In recent years, the ‘white saviour performance ’ is widespread in the Western art world, with recovering inclusion and involving socialisation at the centre of the curatorial agenda. Furthermore, as the audience, has our yearning for sincerity and interaction so embedded within Western society characterised our defiance towards the authoritarian artistic elite? Does this then perpetuate the curator’s ongoing quest to platform fugitive voices? If so, do these artists become spokespeople, ventriloquising the voices of art institutions’ diversity and community engagement concerns?
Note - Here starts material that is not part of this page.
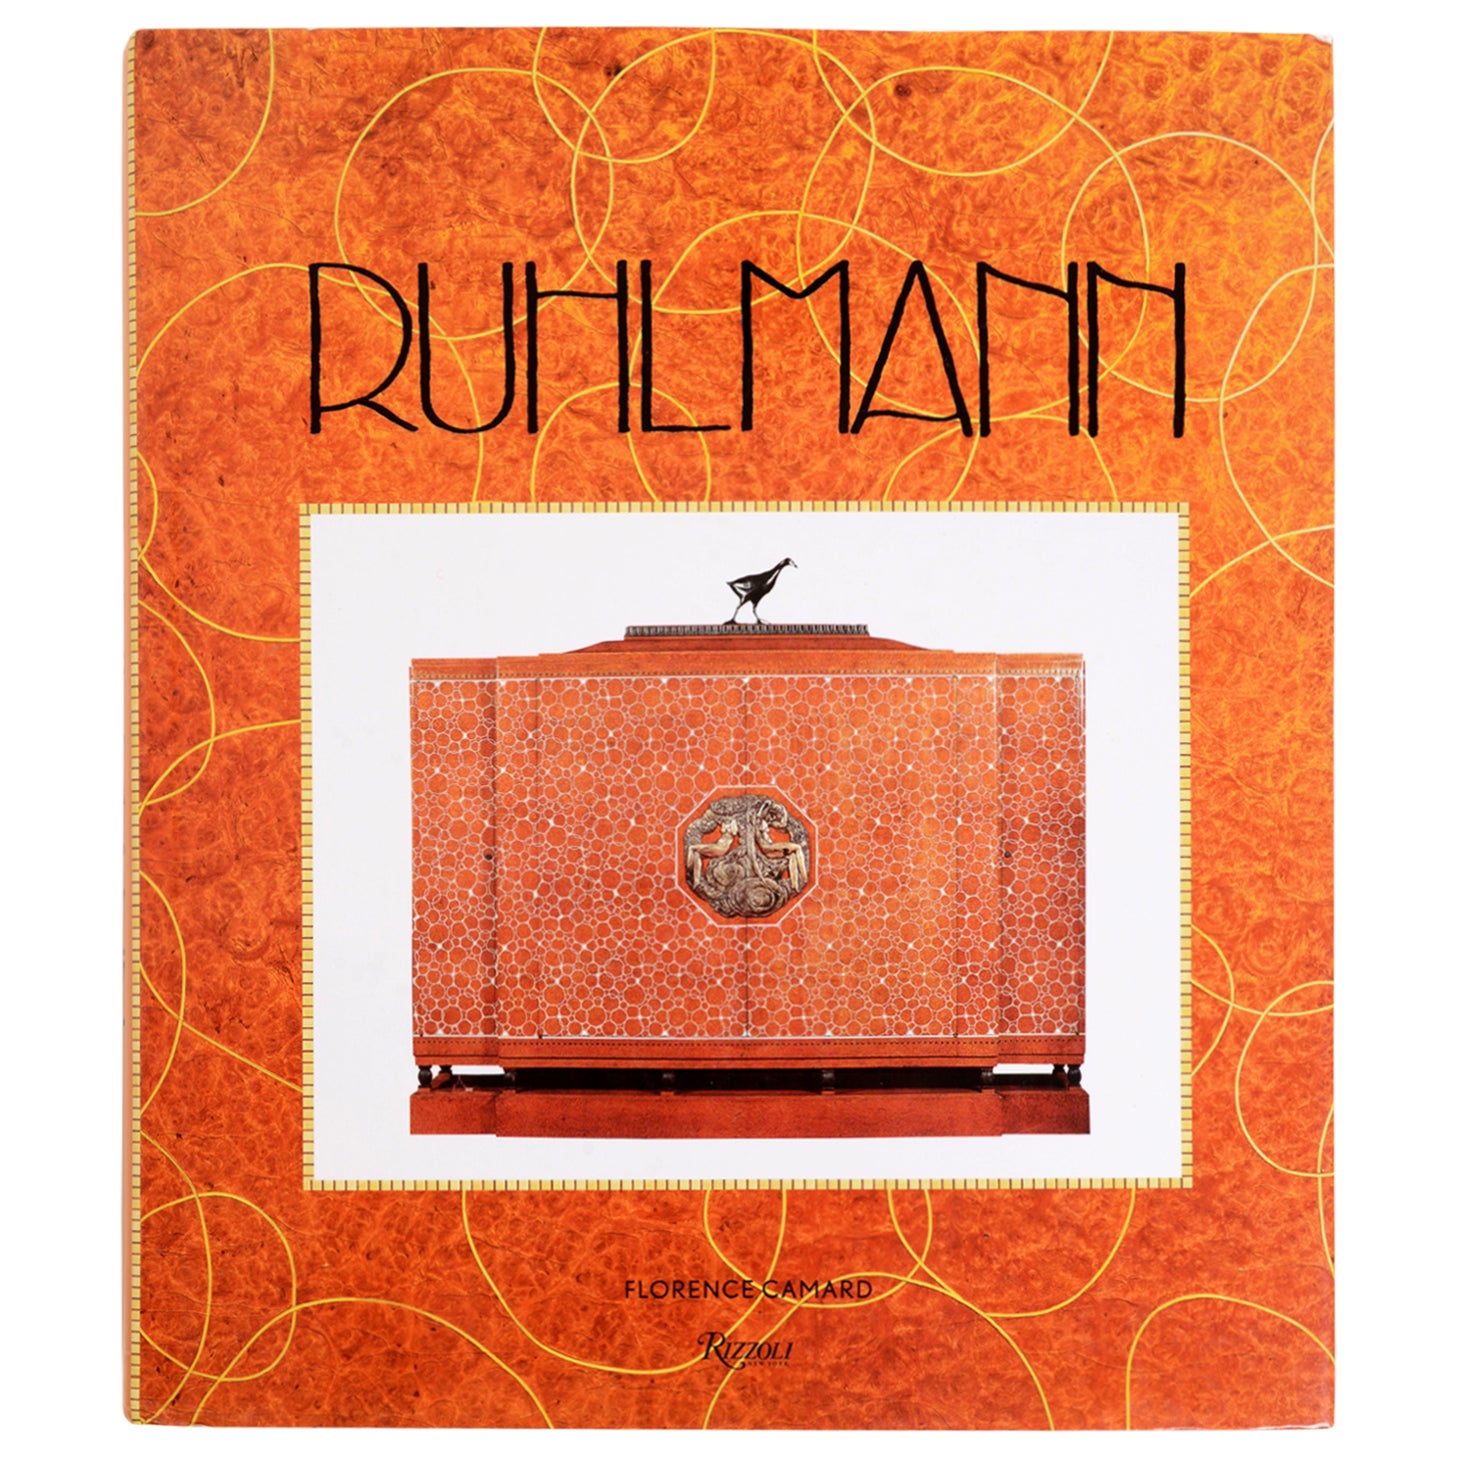 Ruhlmann by Florence Camard, 1st Ed For Sale
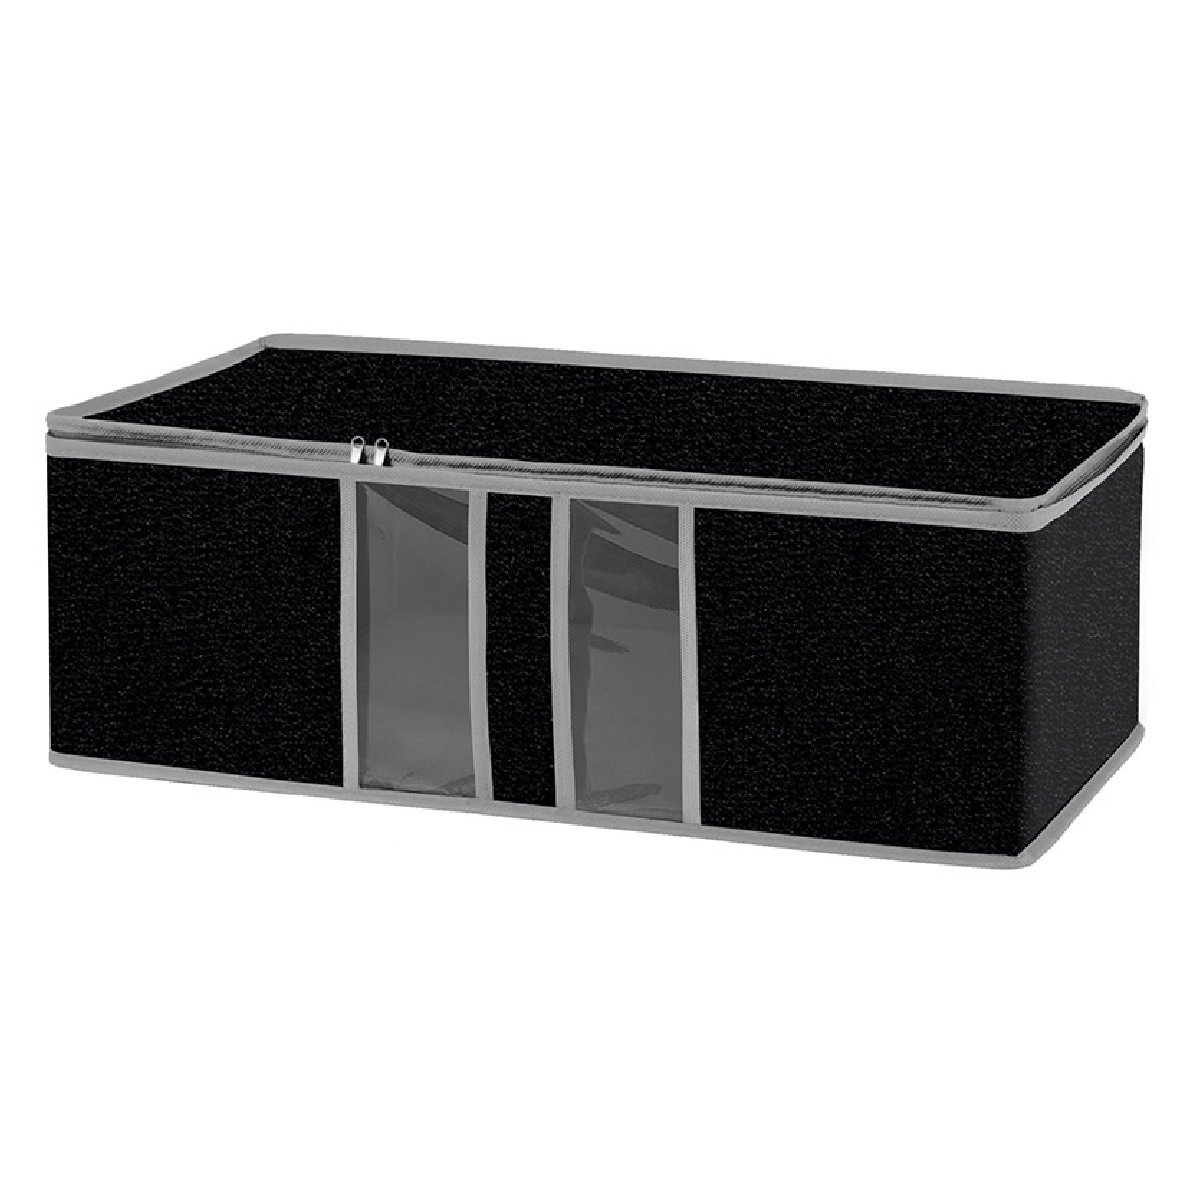 Ящик текстильный для хранения вещей Black 60x30x20 см (312616)Купить

Zahedi is highly aware of this ‘socialisation’ trend, but rather than rejecting the art world, he treats this encounter as he would any other… The artist negotiates his terms and proposes convivial antagonism as a way to re-navigate the audience. ‘You don’t have to smear shit on the walls to challenge the audience’, he states. During the Q&A he talks at length about acting diplomatically when approaching gallery commissions. ‘Working with curators is about being curious’, he highlights, ‘from both sides’. Conversation is what allows fugitivity to penetrate the art world: from religious prayers of “the other” echoing through Victorian corridors, to co-opting champagne socialism and spiking hipsters with cheerful sobriety, to fragrant ritual-washing of untouched, sleek institutional surfaces, to whispering signage escorting the prying eyes of visitors out of the gallery. Abbas Zahedi’s oblique and wayward disengaging of the participants in his neo-diasporic work is what leaves a lasting impression of sincerity.

[EXIT ART WORLD?]

As art institutions become ‘hosts’ for social interaction on a mission of inclusion, the future of ‘Relational Aesthetics’ and the authenticity of ‘fugitive’ practitioners is certainly in question—what’s next for the future generation of artists and communicators who seek to engage? Zahedi cautions against the pitfalls of Neo-Orientalism that would over-romanticise his voice and remove it from its core concerns: the set up, the audience and the tone of voice. As a final recommendation, he shared with us an essay from an artist Coco Fusco, “We Need New Institutions, Not New Art”. This writing poses the statement that equity and intercommunication won’t be solved by programming new events: “If progress is desired, we need to look back and make sure not to repeat history, not try to invent something new”. With art institutions seeking to re-appropriate, re-engage and de-colonise, does it make sense for the neo-diaspora to lead a reverse-crusade, mapping out spaces against the Y axis of the canon? Or would it make more sense for the fugitive to flee, to drift, to disengage—find their escape off the charted territories of the art world?